| About this task |
The reply should contain only the lines from the start of the records through the line with "German Silver Peacock", reproduced verbatim and without pictures.

Segment Start: Provided data

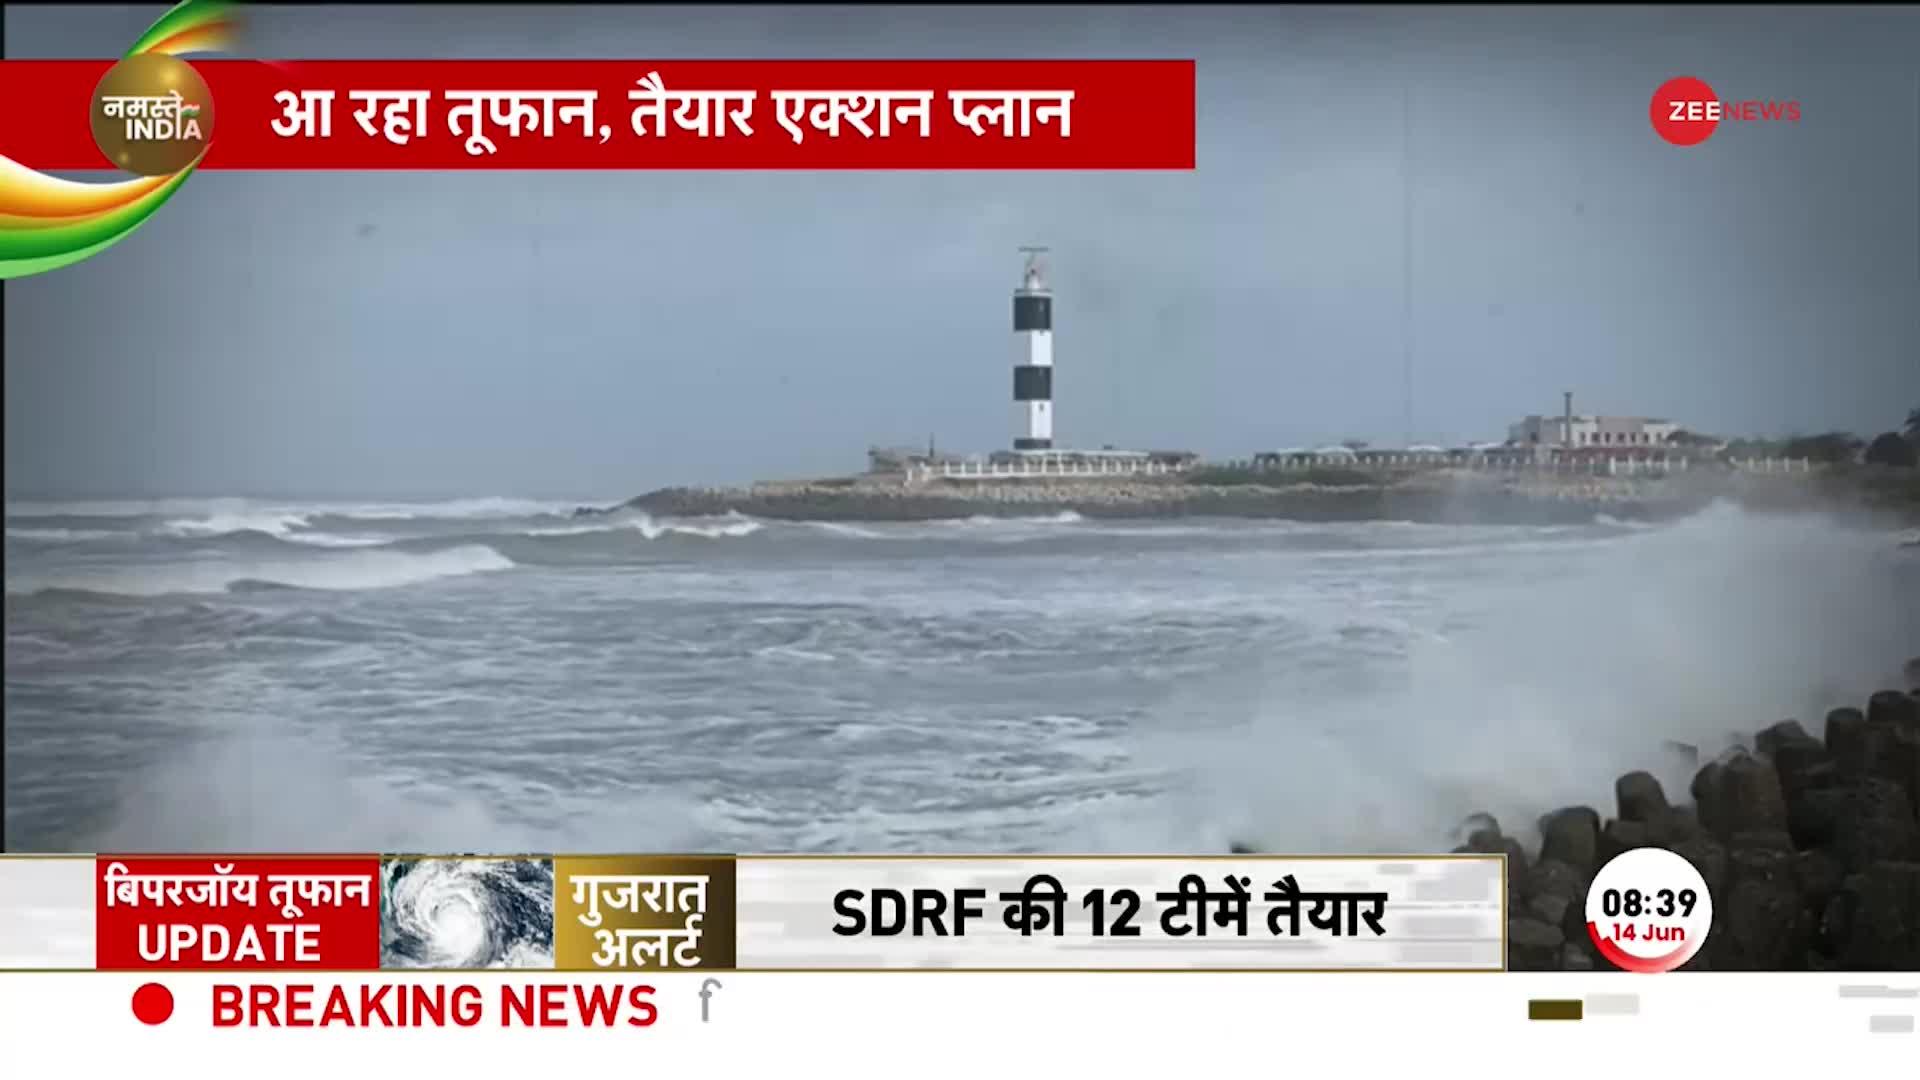 Biporjoy Cyclone: कुछ ही घंटों में गुजरात के तटों से टकराएगा 'बिपारजॉय', जानिए तूफान कहां तक आया
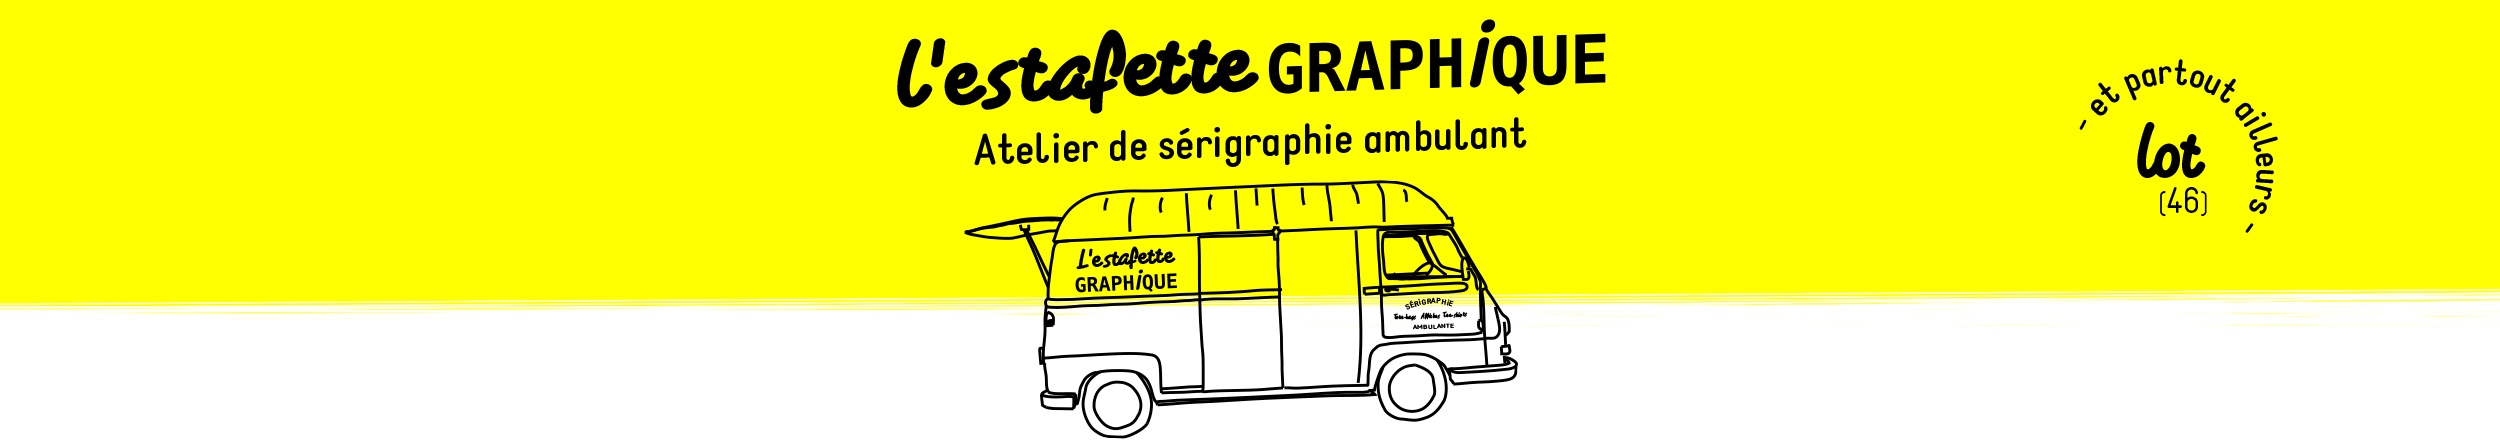 l'estafette graphique, un atelier de sérigraphie itinérant dans le lot et en France
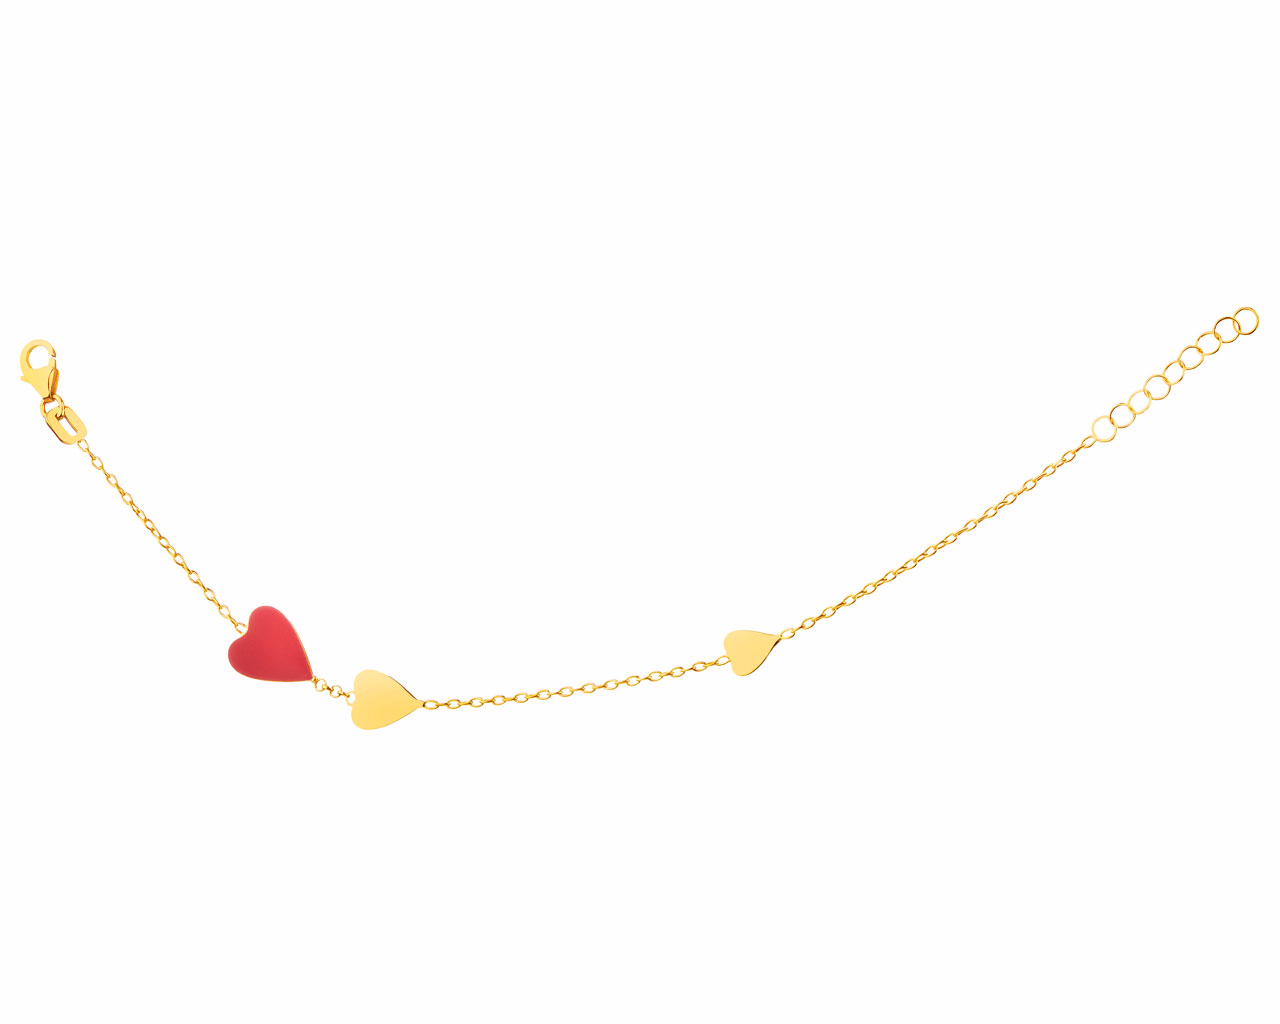 Fábrica personalizada al por mayor del OEM de la joyería de la pulsera del oro amarillo y del esmalte de la joyería OEM/ODM
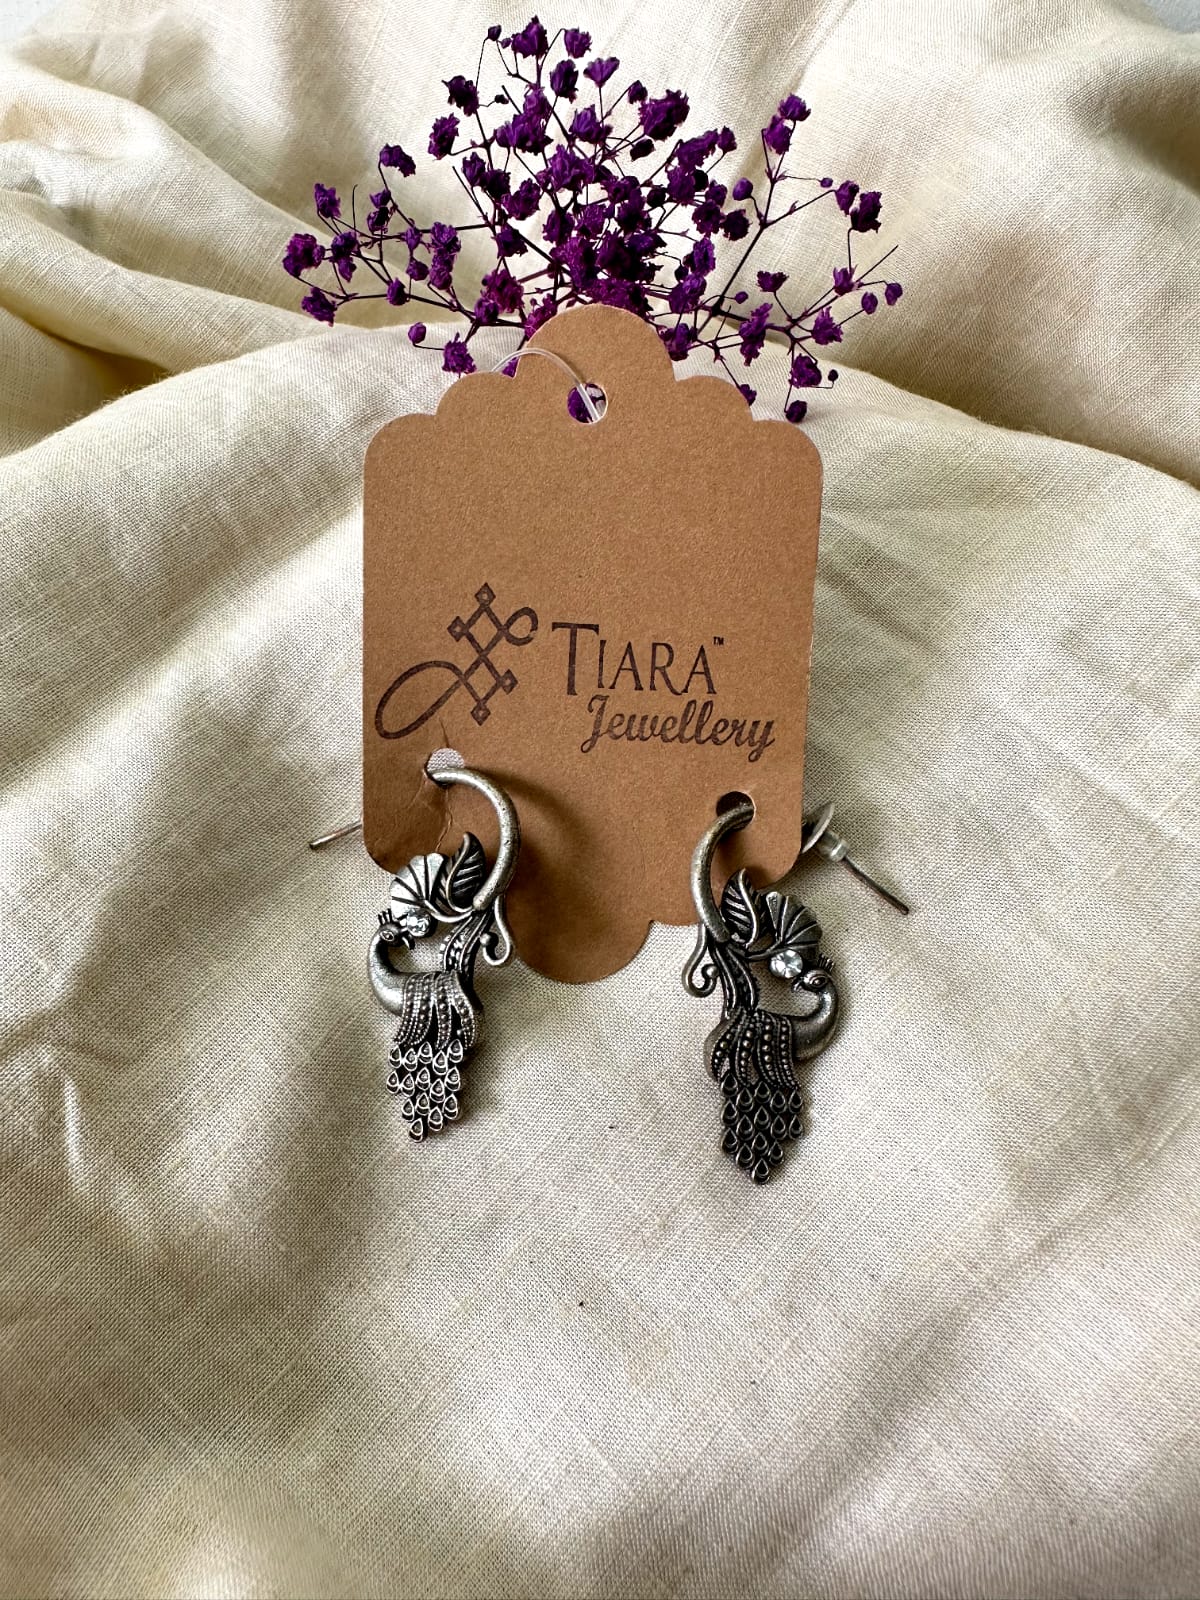 German Silver Peacock earrings in sale for women & Girls
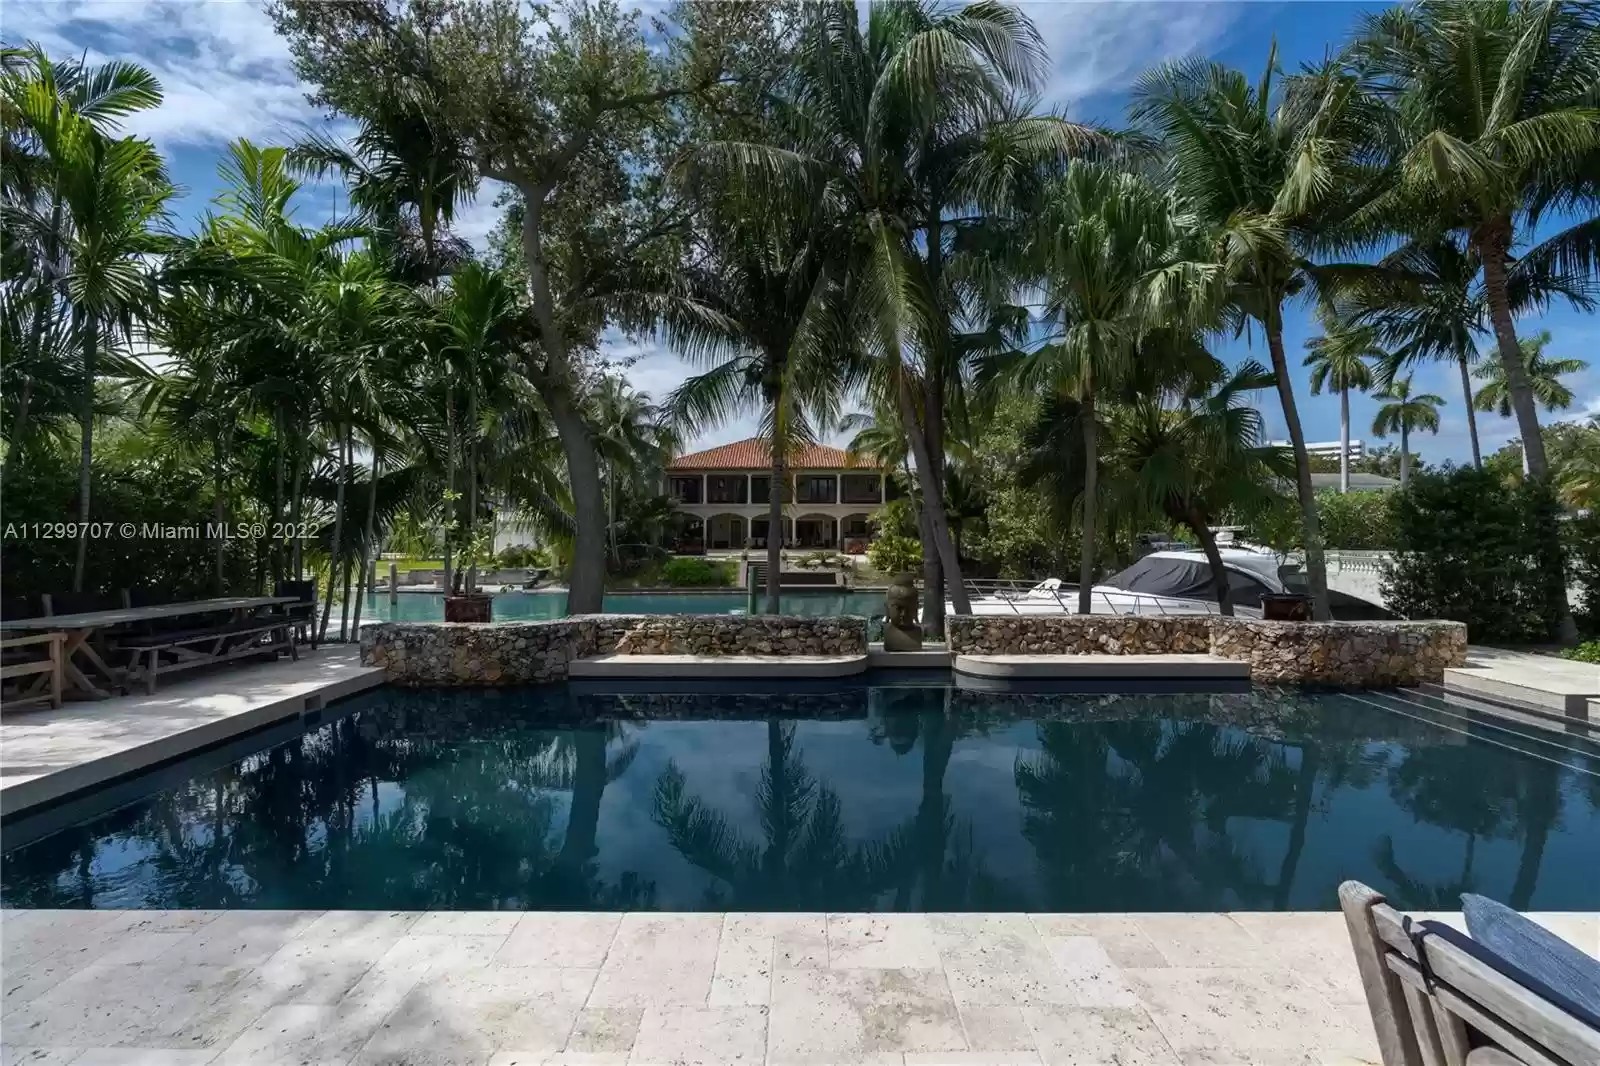 Mansão de Joe Jonas e Sophie Turner em Miami custa mais de R$ 90 milhões — Foto: Realtor

Segment End: Provided data

| Response area |
 Biporjoy Cyclone: कुछ ही घंटों में गुजरात के तटों से टकराएगा 'बिपारजॉय', जानिए तूफान कहां तक आया
 l'estafette graphique, un atelier de sérigraphie itinérant dans le lot et en France
 Fábrica personalizada al por mayor del OEM de la joyería de la pulsera del oro amarillo y del esmalte de la joyería OEM/ODM
 German Silver Peacock earrings in sale for women & Girls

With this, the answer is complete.